В рубище из пустяков и цифр.

Они еблись единожды в день, подолгу смакуя щекотку акта и дразня оргазм… и наконец он сдрачивал ей на ноги.

Её язык щебетал у уха, пальцы как паучьи ножки обрабатывали мошонку:

— Любо-любо-любо-лю, хуй-лю-лю, да хуй-лю-лю,

Любо-любо-любо-лю, хуй-лю-лю, да хуй-лю-лю,

Любо-любо-любо-лю, хуй-лю-лю, да хуй-лю-лю.

Соревнуясь на завтра

Пантелеймон, будучи жив, поучал иногда Кузьму:

— Ты, Кузя, главное — стратегической цели следуй. Будь настойчив, понимаешь? А иначе ты здесь не проживёшь. Здесь расслабляться нельзя: сразу в анус постучат.

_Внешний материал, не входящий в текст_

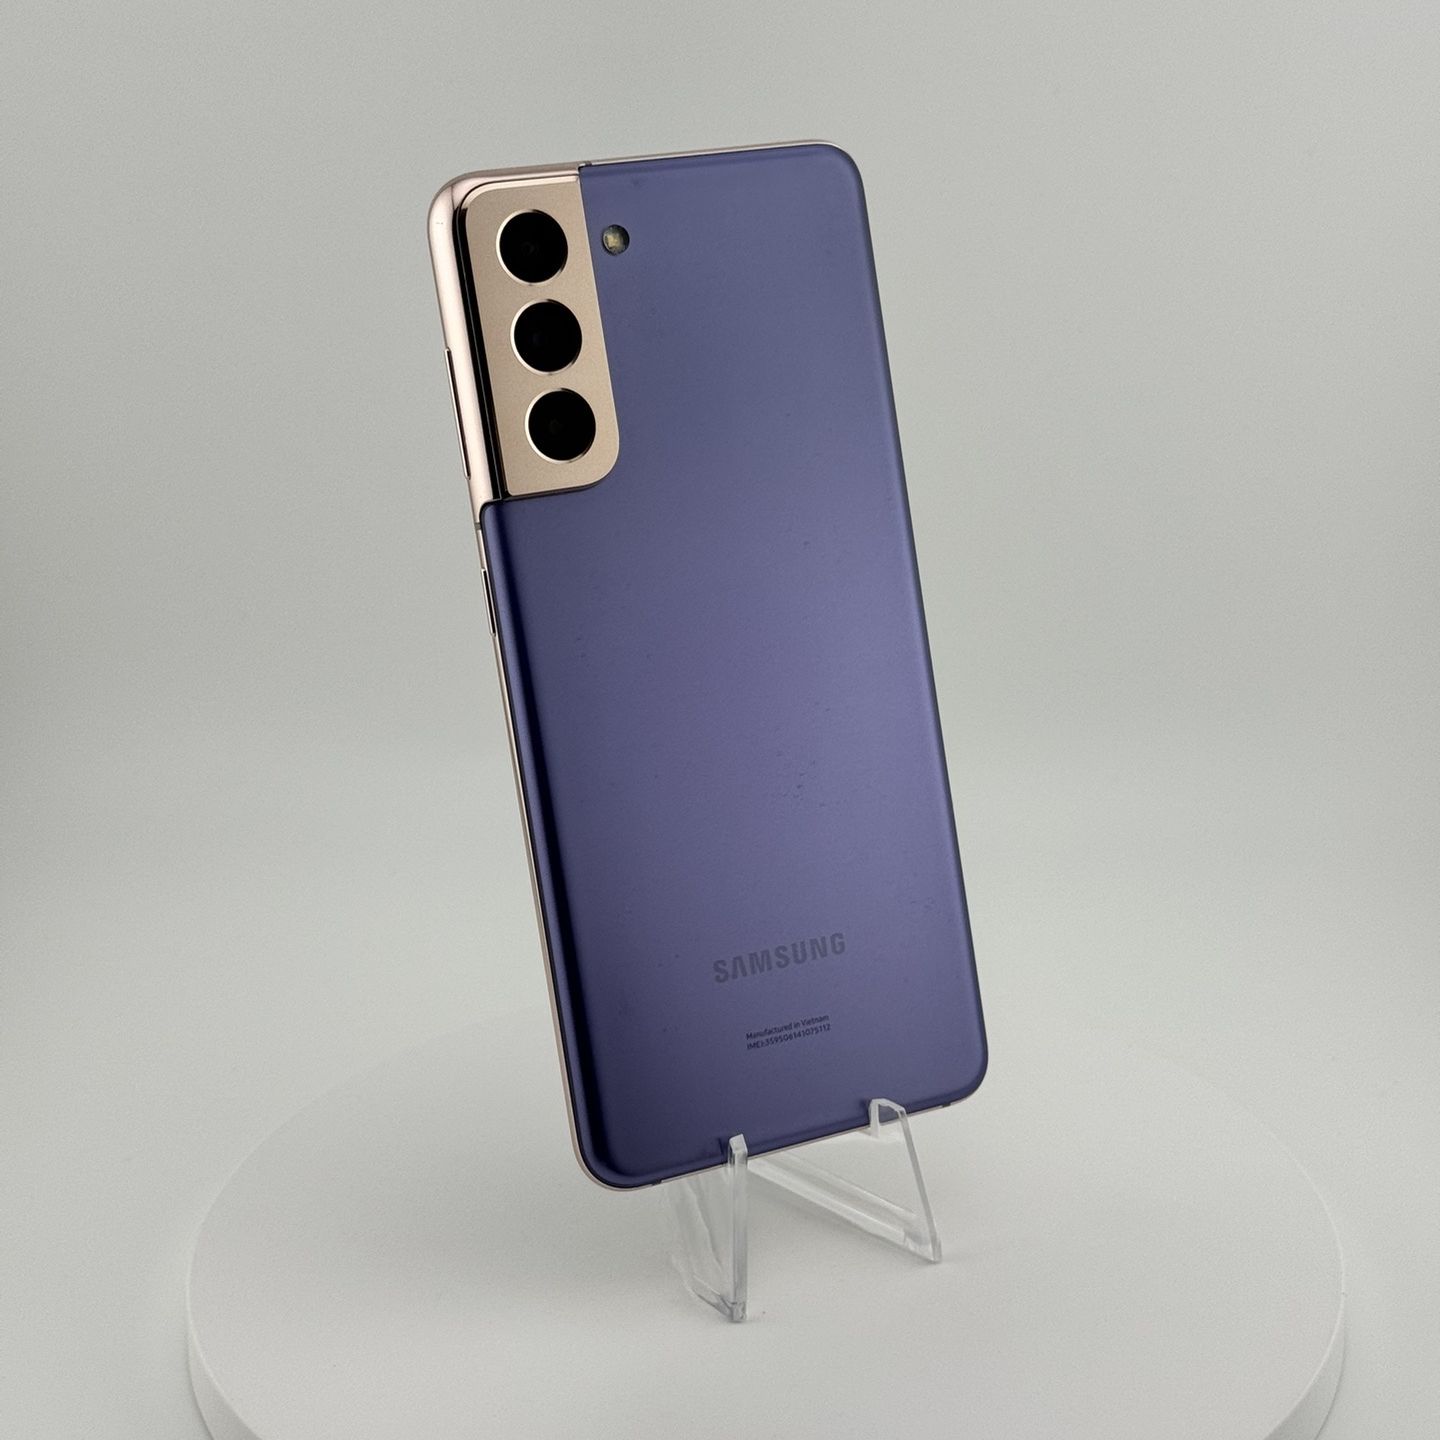 Samsung Galaxy S21 5G 128 GB Unlocked (Liberado) 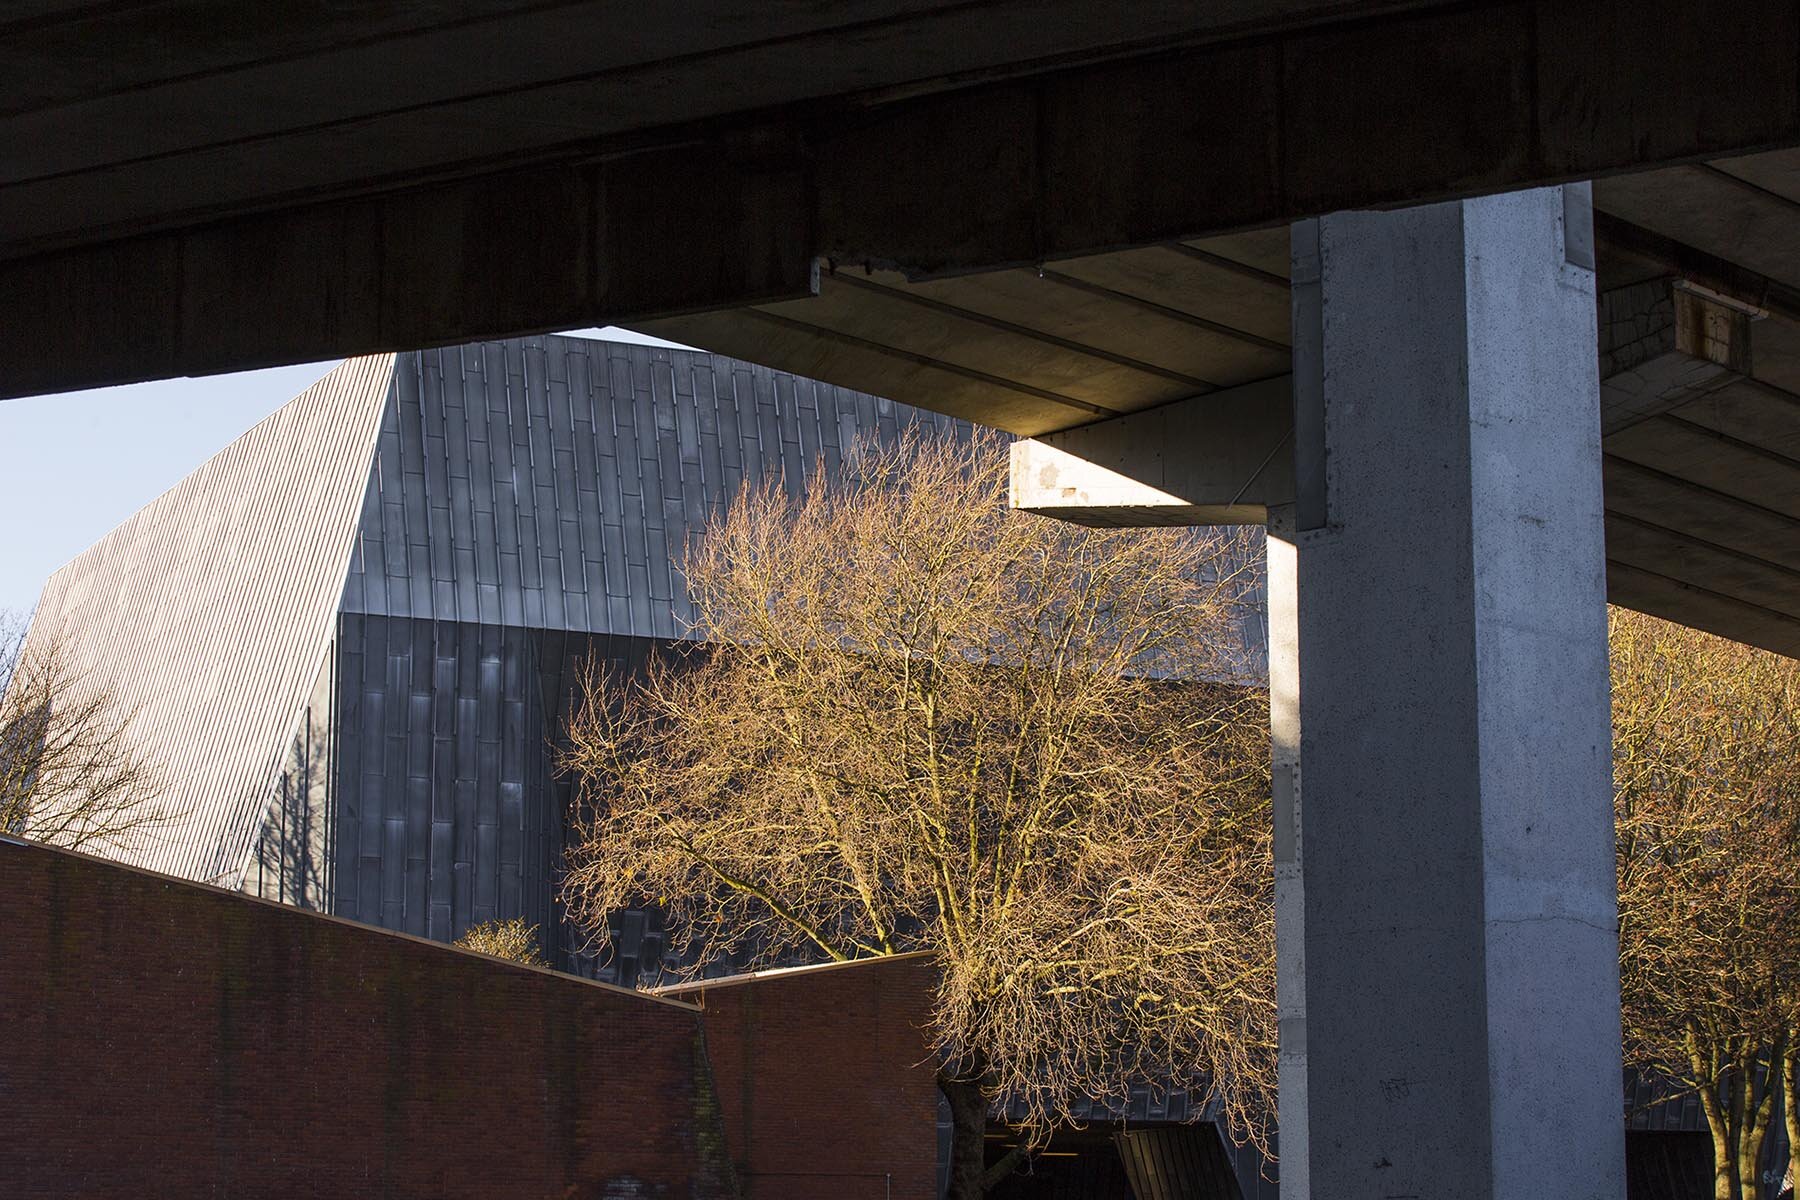  Coventry’s Brutalist architecture.

Кузьма в это время обычно варил молоко.

Он слушал Пантелеймона в пол-уха и с сожалением думал: «Эх, наградит же судьба уёбком… что он мне там поёт? Постучат в анус… ведь если бы не он, так я уже завтра бы получил повышение и гормональную растаможку. А он еще лечить пытается, спортсмен-олимпиец. Тут, брат, и не таких видали. Я на корабле встретил одну гражданку, чьё тело было — сплошное дупло — зияющее дупло, говорю я вам. Зияющее дупло, истекающее сливками взбитого сока, чмокающее, пульсирующее, зовущее… Но это дупло — западня. В этом дупле нет мёда, медвежонок. Нет мёда, говорите? Что ж, хуже для вас: вас — то я и съем, и отрежу гениталии, и сварю их в медной кастрюле, и подам на стол с перцем и фруктовой подливой, и скажет мой старший сын:

— Бра-а-аво!

И на этом участь его свершится.»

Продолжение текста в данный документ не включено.